Patient Zero
- Author: Jonathan Maberry
- Language: English
- Series: Joe Ledger Series
- Publisher: St. Martin's Griffin
- Publication date: March 3, 2009
- Media type: Print, e-book
- Pages: 432
- ISBN: 0312382855
- Followed by: The Dragon Factory

= Patient Zero: A Joe Ledger Novel =

2009 novel by Jonathan Maberry

Patient Zero is a 2009 novel by American writer Jonathan Maberry and the first book in the Joe Ledger series. It was first published on March 3, 2009 through St. Martin's Griffin and follows a detective that must help prevent the world from being terrorized by a bioweapon that turns humans into zombies.

==Plot summary==

The story follows Joe Ledger, a Baltimore detective, who is recruited into the Department of Military Sciences, a specialized entity of the US Government which answers only to the President, to prevent a terrorist plot against America.
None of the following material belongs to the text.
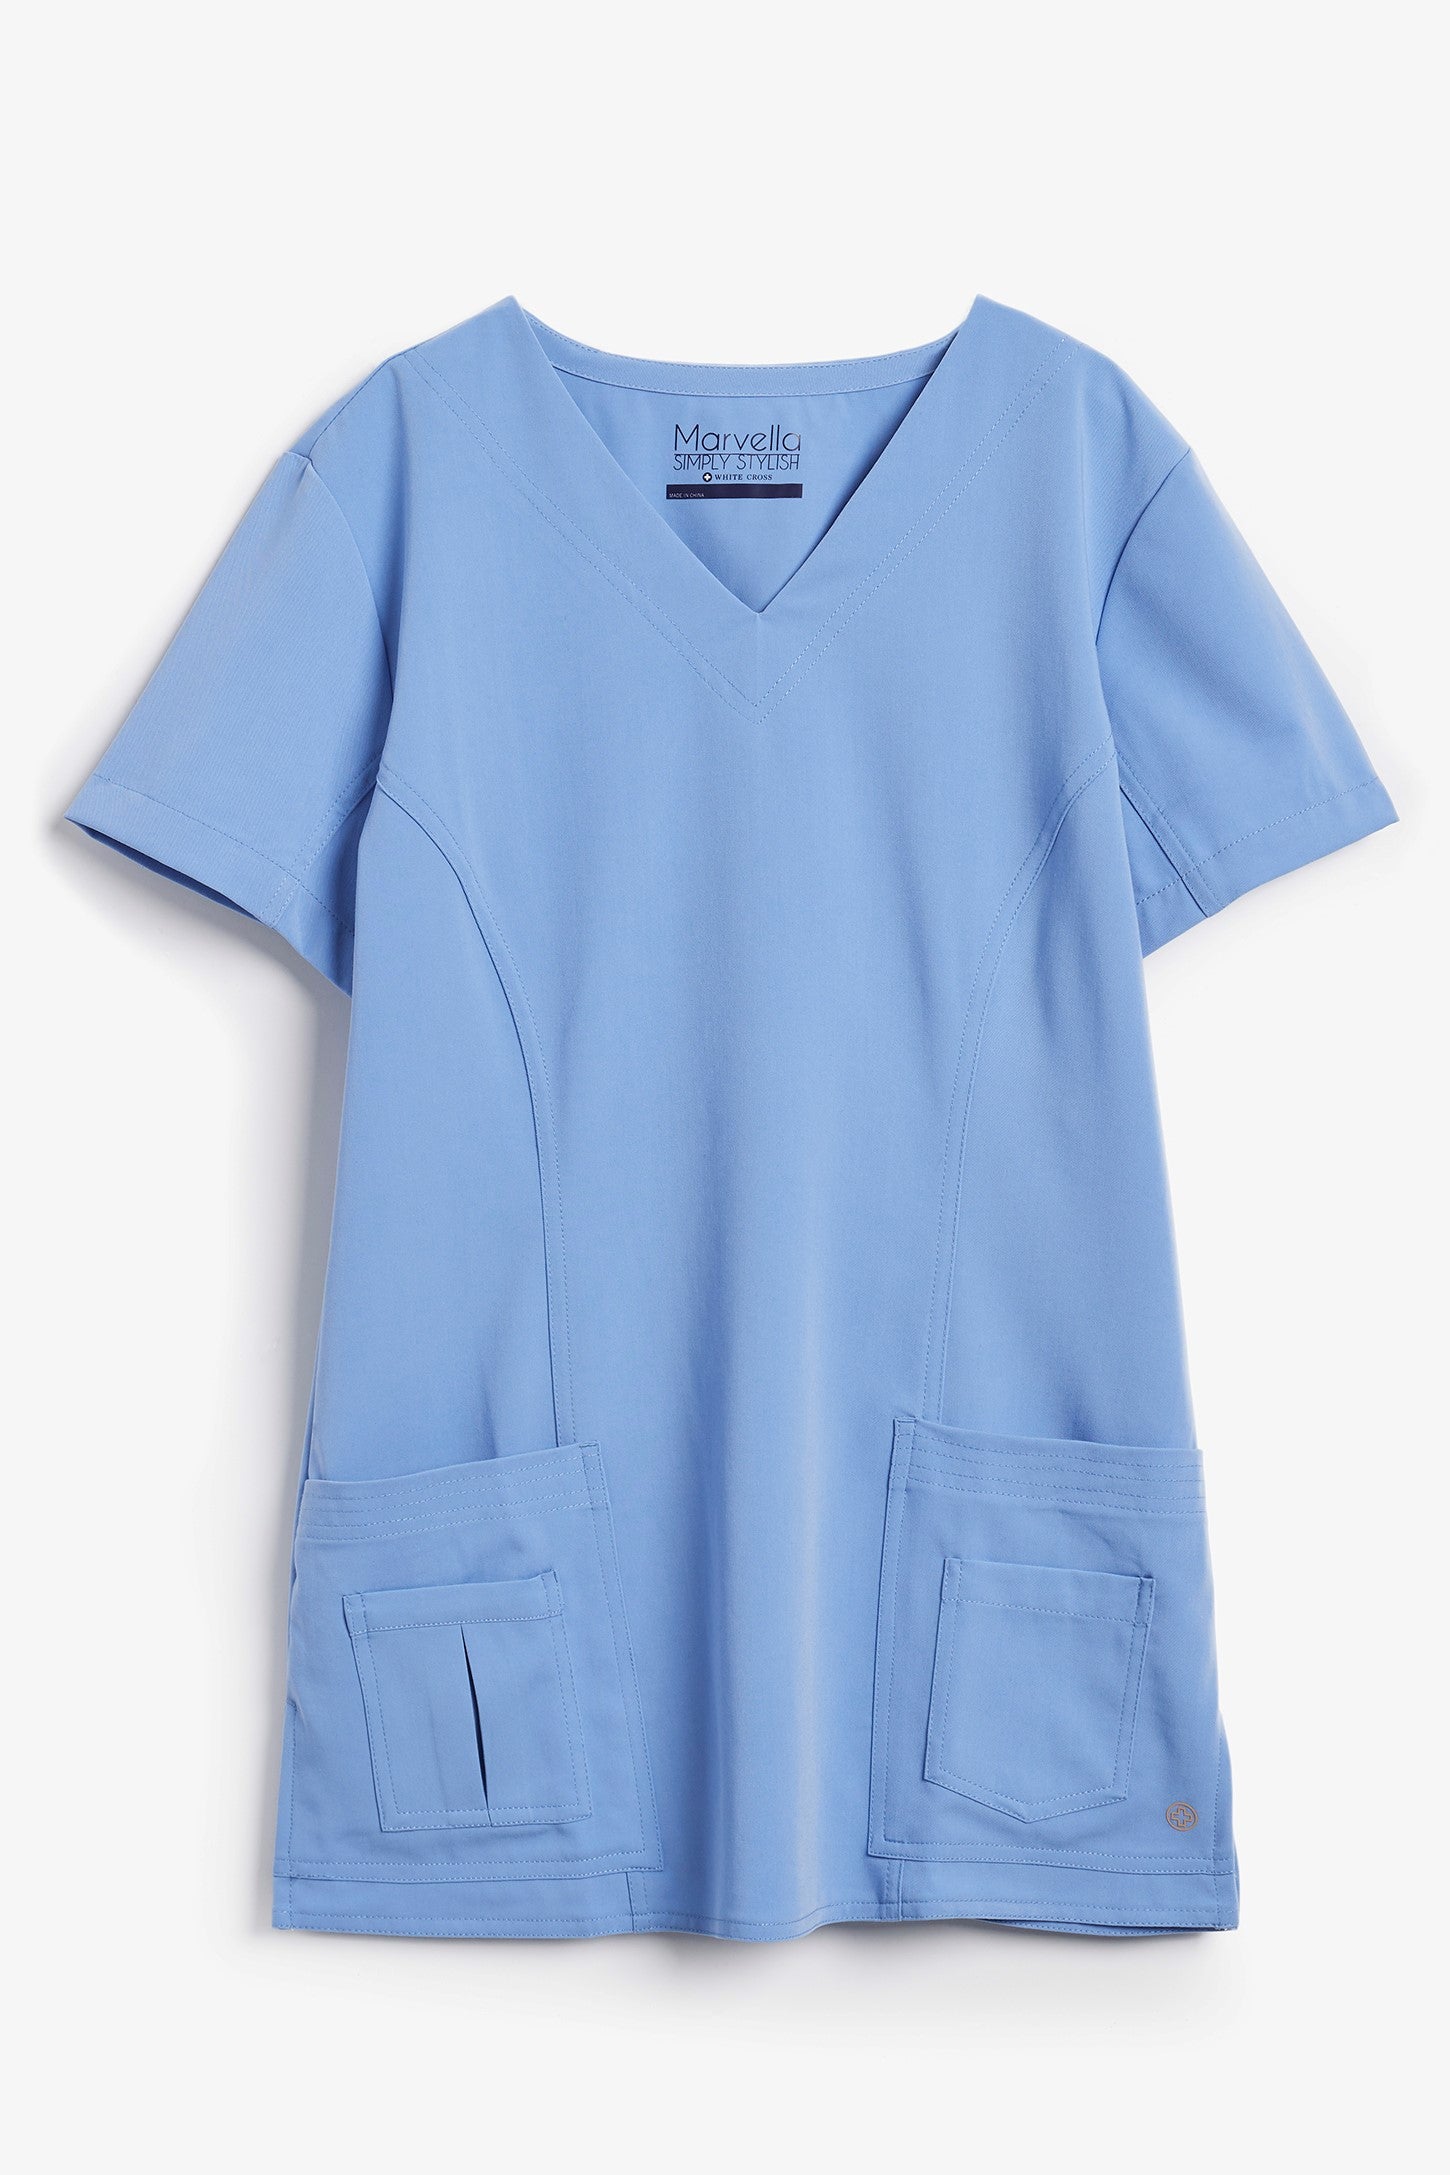 Haut uniforme infirmière - Femme && BLEU CIEL

El Mujahid and his associates create a prion disease which causes victims to expire, then re-animate with minimal brain function; enough to find, attack and infect more people with "Seif al Din". Joe Ledger and the Department of Military Sciences must stop El Mujahid before he can release his newer and much more powerful strain of the pathogen in Philadelphia.

==Reception==
Critical reception for Patient Zero has been largely positive and the book was nominated for a Bram Stoker Award. The book received positive reviews from the SF Site, New Straits Times, and The Gazette.